As the biggest ratings powerhouse on Television, no one expected NFL ratings to fall as they did this season, and many people are scrambling to understand the rationale behind the descent. Not that NFL lines and odds enthusiasts care, but this is an important issue for the league.

NBC’s Sunday Night Football, the NFL’s premier game, experienced a 12% drop in viewership from last year’s numbers. Monday Night Football, which typically reigns on EPSN, also saw a 12% decline in the numbers.

CBS’s First Thursday Night Football game was especially disappointing, with CBS reporting a 26% drop in the ratings. Of course, no one is foolish enough to declare the beginning of the downfall of the NFL.

Sure, football didn’t do as well as some people expected; however, NFL ratings still dwarf everything on TV today. Compared to The Walking Dead’s 14 million viewers for the Season Six Finale, the NFL’s average 18.3 million viewers across all networks are far more impressive.

Yet, the NFL is obviously concerned about these numbers. That average was 20.1 million viewers last year; the NFL is rightly concerned about this drop because it proves they are not immune to such ratings conundrums.

According to some experts, the NFL might be making a mountain out of a molehill.
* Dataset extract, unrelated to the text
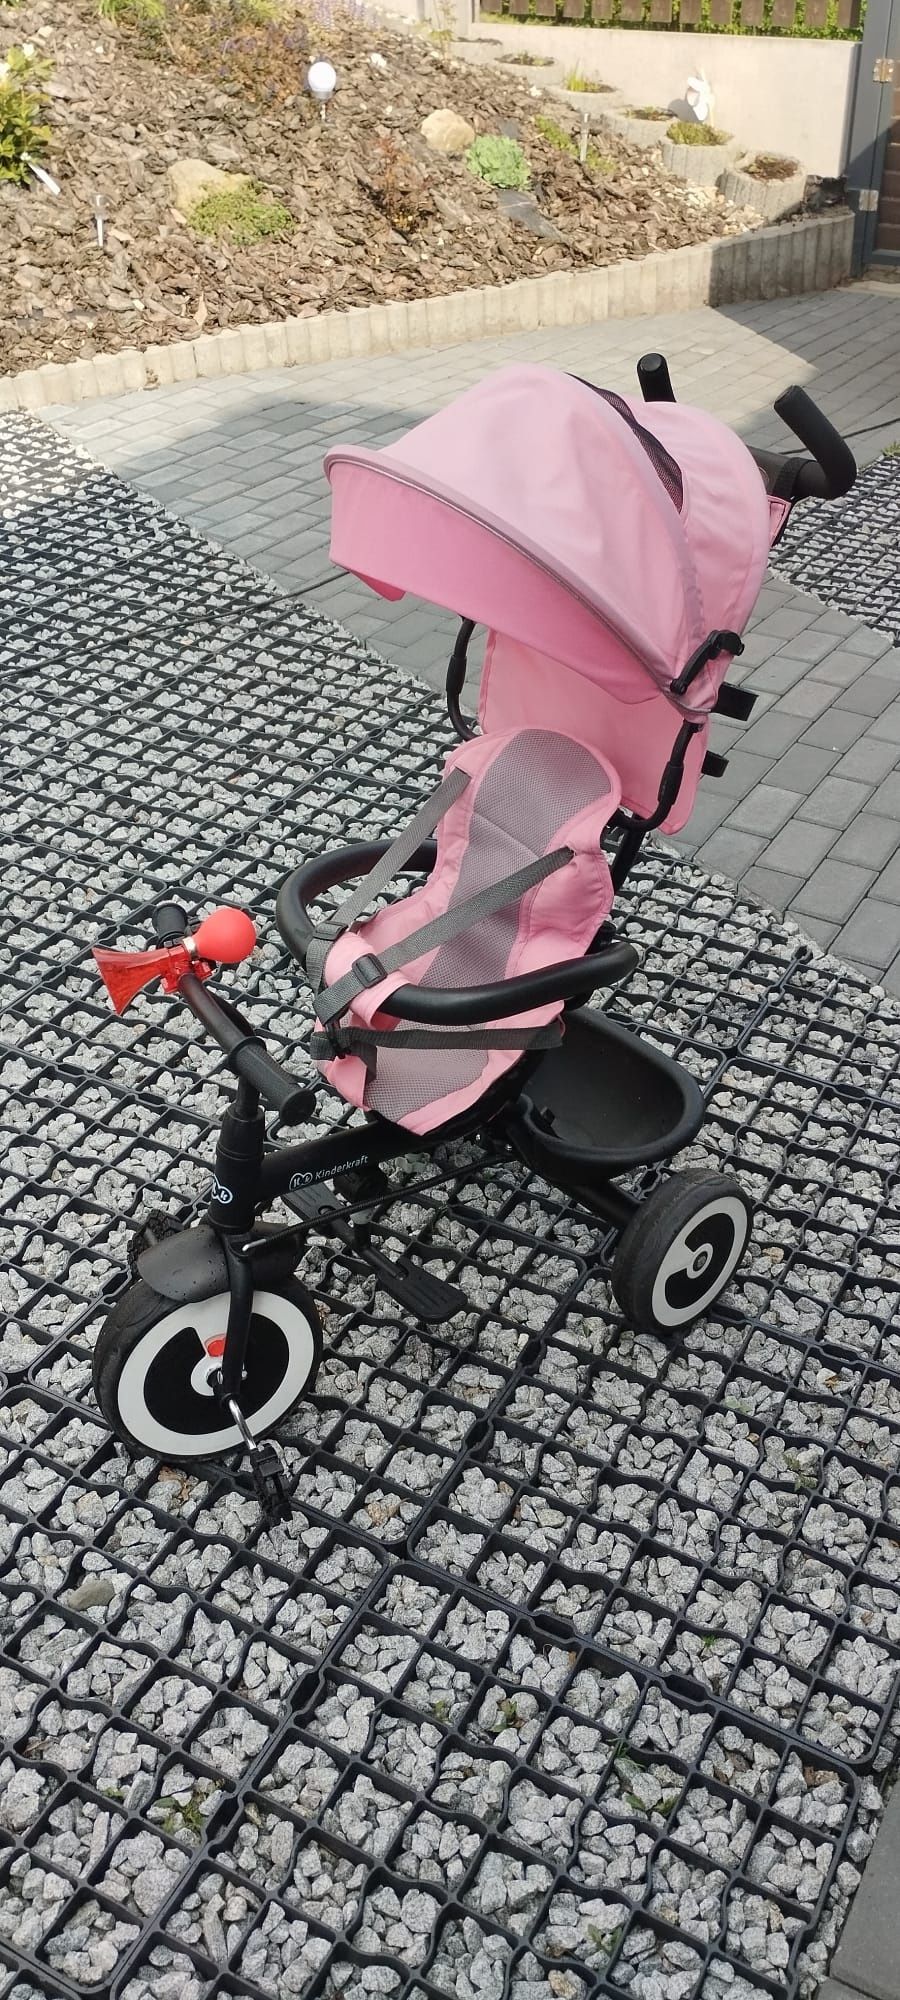 Rowerek trójkołowy Kinder Kraft różowy

The NFL’s reach is still quite strong. The league has a decently healthy viewership. Football simply isn’t attracting the peak numbers some executives have grown to expect, and that might be more of a temporary hiccup than a permanent trend.

According to Billie Gold (Vice President and Director of Programming Research at Amplifi), the NFL’s present viewership problem can probably be blamed on the scarcity of big games in the last two weeks. The absence of prominent names hasn’t helped matters either.

The NFL obviously didn’t plan the scarcity of marquee match-ups early in the season, and they obviously didn’t think that would become such a large problem. The absence of prominent NFL superstars is especially worrisome.

One only needs to look at the match between the Denver Broncos and the Carolina Panthers. The NBC Thursday night kickoff game should have been a huge draw, seeing as it was reenacting a highly exciting super bowl match from 2015.

Yet, the Broncos/Panthers numbers could have been higher; and some observers have argued that the absence of Broncos quarterback Peyton Manning might have had something to do with the lack of interest.

Manning retired after the previous Super Bowl. Trevor Siemian, a seventh-round draft pick from 2015 replaced him; no one expected Trevor to draw big numbers, not when he was wearing shoes as big as those of Manning.

When the Arizona Cardinals faced the New England Patriots during NBC’s opening Sunday Night Match Up, no one could ignore the absence of Tom Brady who was suspended for four games because of the DeflateGate scandal.

The obvious scarcity of superstars wasn’t helped by the election fever gripping the country. The NFL is set to test its mettle on Monday when they go head to head with what some believe might be the most watched presidential debate in history.

The NFL might still be the most watched program on TV but these recent ratings drops prove that it isn’t invincible.